New York Times

November 29, 2007

Supreme Court Weighs Maine’s Tobacco Law

By LINDA GREENHOUSE
 
WASHINGTON, Nov. 28 — The latest battleground in the federalism wars at the Supreme Court is an unlikely one: the state of Maine, which is trying to prevent under-age consumers from buying cigarettes over the Internet.

Maine maintains that it is doing nothing more than protecting public health and carrying out the desire of Congress to curb smoking among young people. Its 2003 law requires those who sell tobacco products directly to consumers to use only those delivery services that verify the age of the recipient.

The trucking industry, supported by the federal government, warns to the contrary that the Maine statute opens the door to the very patchwork of conflicting state regulations that Congress meant to pre-empt when it deregulated motor transportation.

Two lower federal courts agreed with the industry, and found that the state law was pre-empted by the Federal Aviation Administration Authorization Act of 1994. In arguments on Wednesday, the Supreme Court appeared inclined to reach the same result.

“What if every state enacted a slightly different law?” Justice Samuel A. Alito Jr. asked Paul Stern, Maine’s deputy attorney general. “Wouldn’t you agree that there would be just the kind of patchwork regulation at the state level that this statute was intended to stop?”

If Maine, or the 38 other states that signed a brief supporting it, had allies on the Supreme Court, those justices did not make themselves known during the argument. Attacks on Maine’s position came from across the court’s spectrum, reflecting that pre-emption cases often do not follow the usual ideological lines.

Justice Stephen G. Breyer told Mr. Stern that while the state’s goal might be a worthy one, the answer was to “convince Congress to pass a law.” He continued, “It’s just that if every state does it differently, it’s going to be a nightmare.”

When Mr. Stern observed that the federal government did not regulate the shipment of tobacco products and that the state law therefore filled “a regulatory void,” Justice Antonin Scalia responded: “Well, maybe because Congress wanted the regulatory void.”

By contrast, the court appeared receptive to the arguments presented on the other side by Beth S. Brinkmann, representing the New Hampshire Motor Transport Association, the industry organization that brought the lawsuit, and by Douglas Hallward-Driemeier, an assistant to the solicitor general, who argued for the federal government that the state law was pre-empted.

Ms. Brinkmann said the state law placed an “enormous” burden on shippers like United Parcel Service and Federal Express. “It’s not flipping a switch to create a new service like this,” she said, adding that “many systems would have to be completely re-engineered to take in new data about age and addressee” to comply with the law’s requirements.

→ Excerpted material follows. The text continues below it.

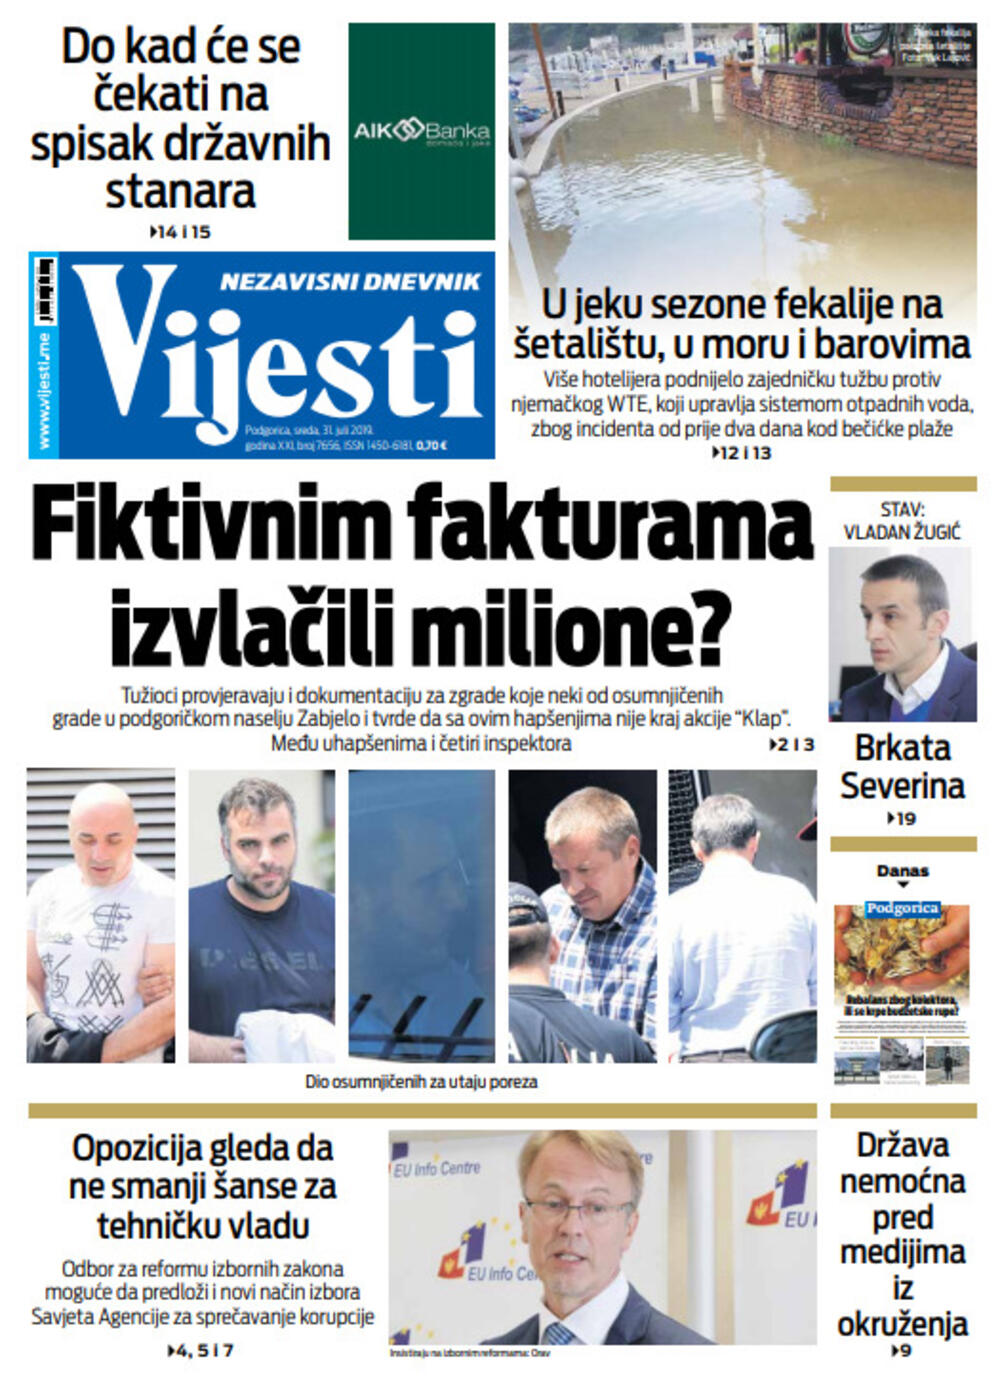 Naslovna strana "Vijesti" za 31. jul, Foto: Vijesti
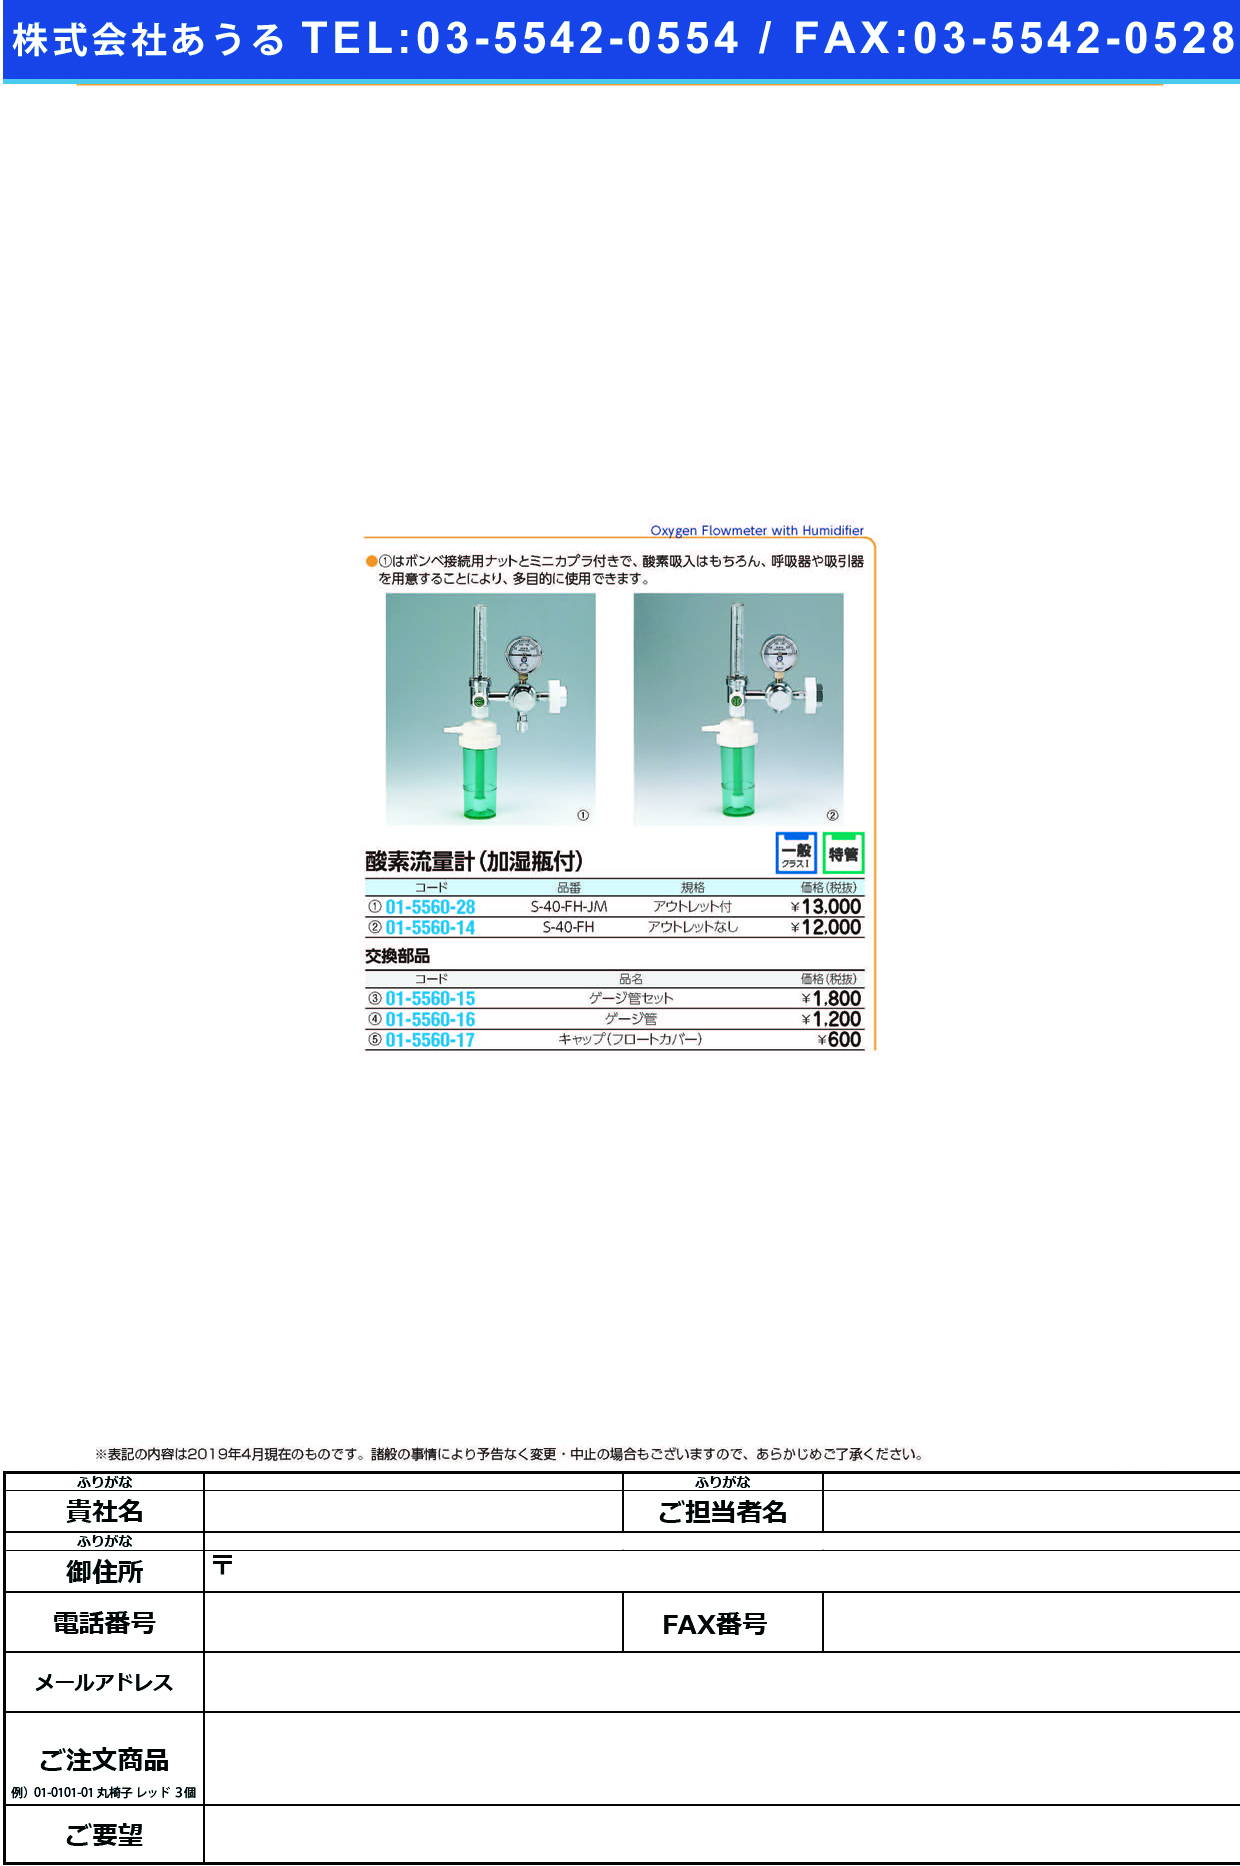 (01-5560-28)酸素流量計（加湿瓶付）多目的型 S-40-FH-JM ｻﾝｿﾘｭｳﾘｮｳｹｲﾀﾓｸﾃｷｶﾞﾀ(ブルークロス・エマージェンシー)【1組単位】【2019年カタログ商品】

There was some indication during the argument that the impact of the state law might be somewhat more theoretical than real. In 2005, major shippers entered into a settlement with New York State under which they agreed not to deliver cigarettes directly to consumers. The voluntary agreement, referred to as an “assurance of discontinuance,” is in effect nationwide.

New York is one of five states that has a ban on the shipment of cigarettes directly to consumers; the others are Arkansas, Connecticut, Maryland and Ohio.

Several justices sounded puzzled about whether these laws, or the New York agreement with the shippers, might themselves be pre-empted. The question went unanswered.

Questions were also raised about requirements the states might impose on shippers of alcoholic beverages. Ms. Brinkmann said that given the states’ authority under the 21st Amendment to regulate alcohol, the issue was more complex constitutionally than tobacco-related regulation.

The federal law at issue was passed to put motor transportation on the same deregulated footing as the airline industry. Mr. Stern said that Congress was concerned with economic regulation, not regulation for health.

But Justice David H. Souter, clearly unpersuaded, said the issue was whether Congress “intended to permit any regulation with respect to delivery services to survive,” no matter the rationale. “Isn’t that the tough question that you’ve got to face?” he asked.